Screengrab from Philippines News Agency.
Screengrab from Philippines News Agency.

Lyndon Caña, a former councilor who ran and won as an independent candidate, posted on his Facebook account yesterday:

“Can not this new center be used for pui’s, pum’s and “returnees” to Bacolod who need to be placed on mandatory quarantine? Can media please visit this facility and show it to the people, how a P33.7M facility looks like?”

This status message, which we have quoted in full, accompanied the news article of the Philippine News Agency that Caña also posted on his wall.

The article, written by Nanette Guadalquiver and headlined “Bacolod City unveils P33.7-M regional evacuation center” was a report about the turn over by regional officials of the facility to local officials including Gasataya, Mayor Evelio Leonardia and Vice Mayor El Cid Familiaran.

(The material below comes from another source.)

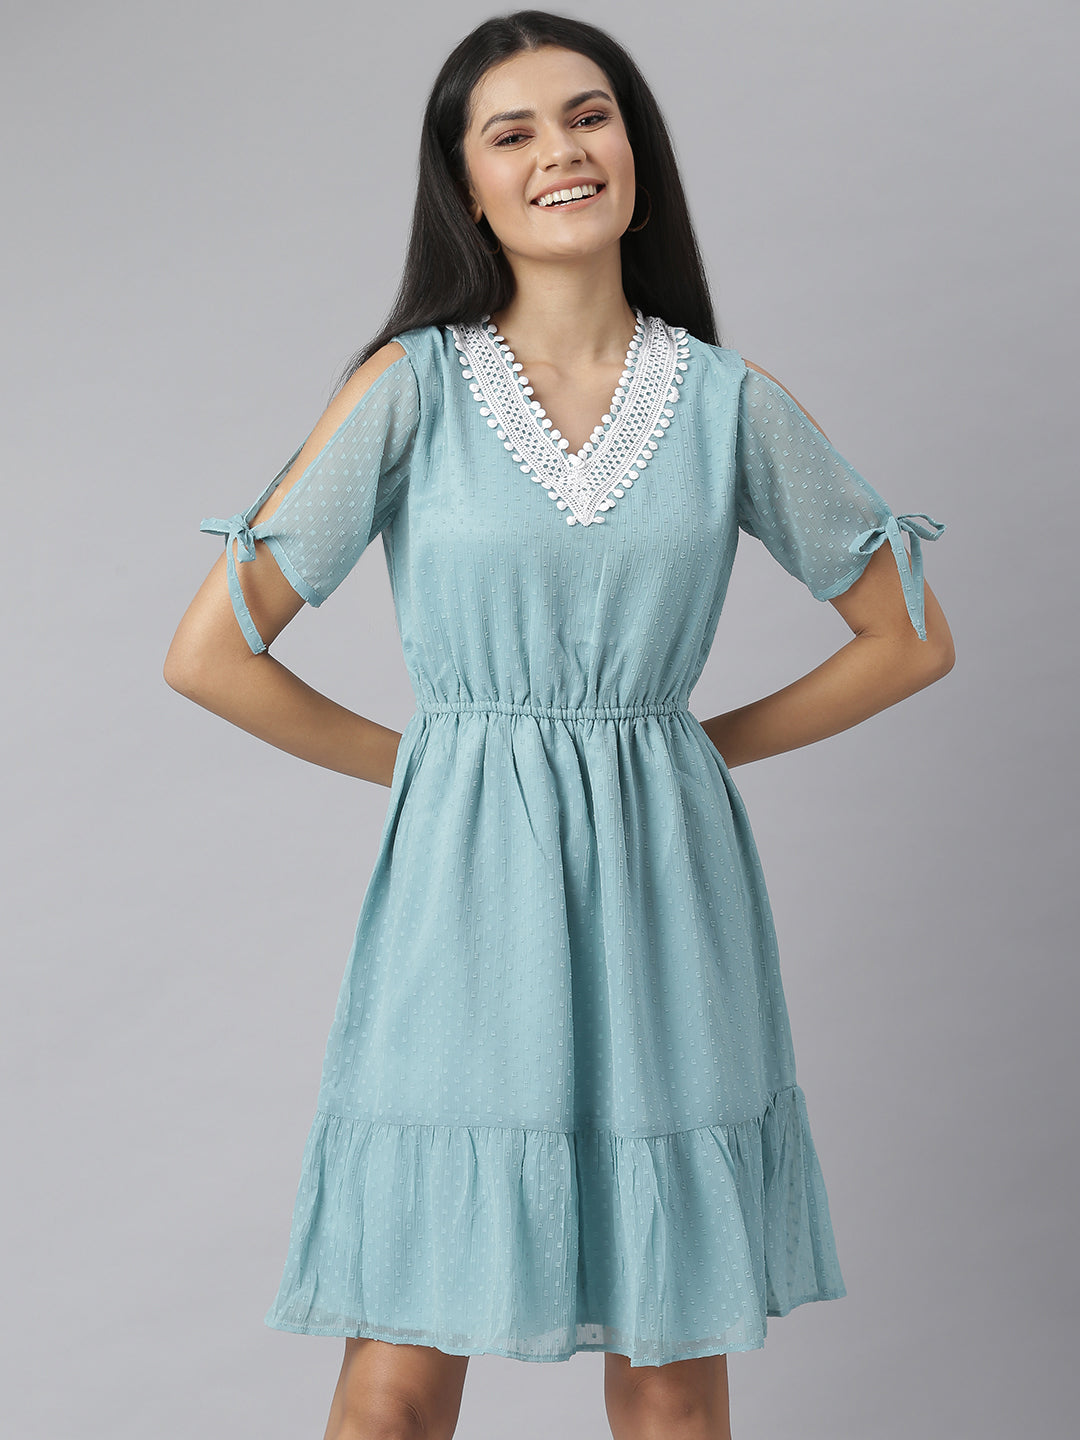 Women's Green Self Design Dress with Neck Lace

It said Regional Director Jose Roberto Nuñez of the Office of Civil Defense (OCD)-6 led the turnover with Regional Director Leah Delfinado of the Department of Public Works and Highways.

The report said the evacuation center stands on a 3,000-square meter property in the Progreso Village Relocation Site owned by the city government.

It added the center “includes an office and infirmary building, laundry/drying area, toilet and bath for both male and female, pump room, generator room, and materials recovery facility. Other facilities include a cistern tank and a drainage system.”

Gasataya, sought for comment on the issue, said the building had already been turned over to the local government.

“It is up to the local government to decide what to do with it according to the purpose for which it was built,” he told DNX.

Councilor Renecito Novero, chair of the Quarantine Centers Action Team, on the other hand, said the center was not “suitable” to be turned into a quarantine facility.

He pointed out that among the requirements for a facility include separate rooms for patients, separate bathrooms and comfort rooms and a perimeter fence.

City physician Maria Carmela Gensoli, for her part, said Department of Health protocols require quarantine facilities to have separate rooms for each patient.

In the case of the regional evacuation center, the receiving hall can be converted by constructing cubicles that can serve as separate rooms for patients.

However, she pointed out there is no perimeter fence around the facility which would make it difficult to secure the patients and the building itself.

Aside from the two requirements, the DOH protocol also stipulates a separate bath and comfort room to prevent infection.

In the case of the REC, there are only common bath and comfort rooms that cannot be divided into individual ones.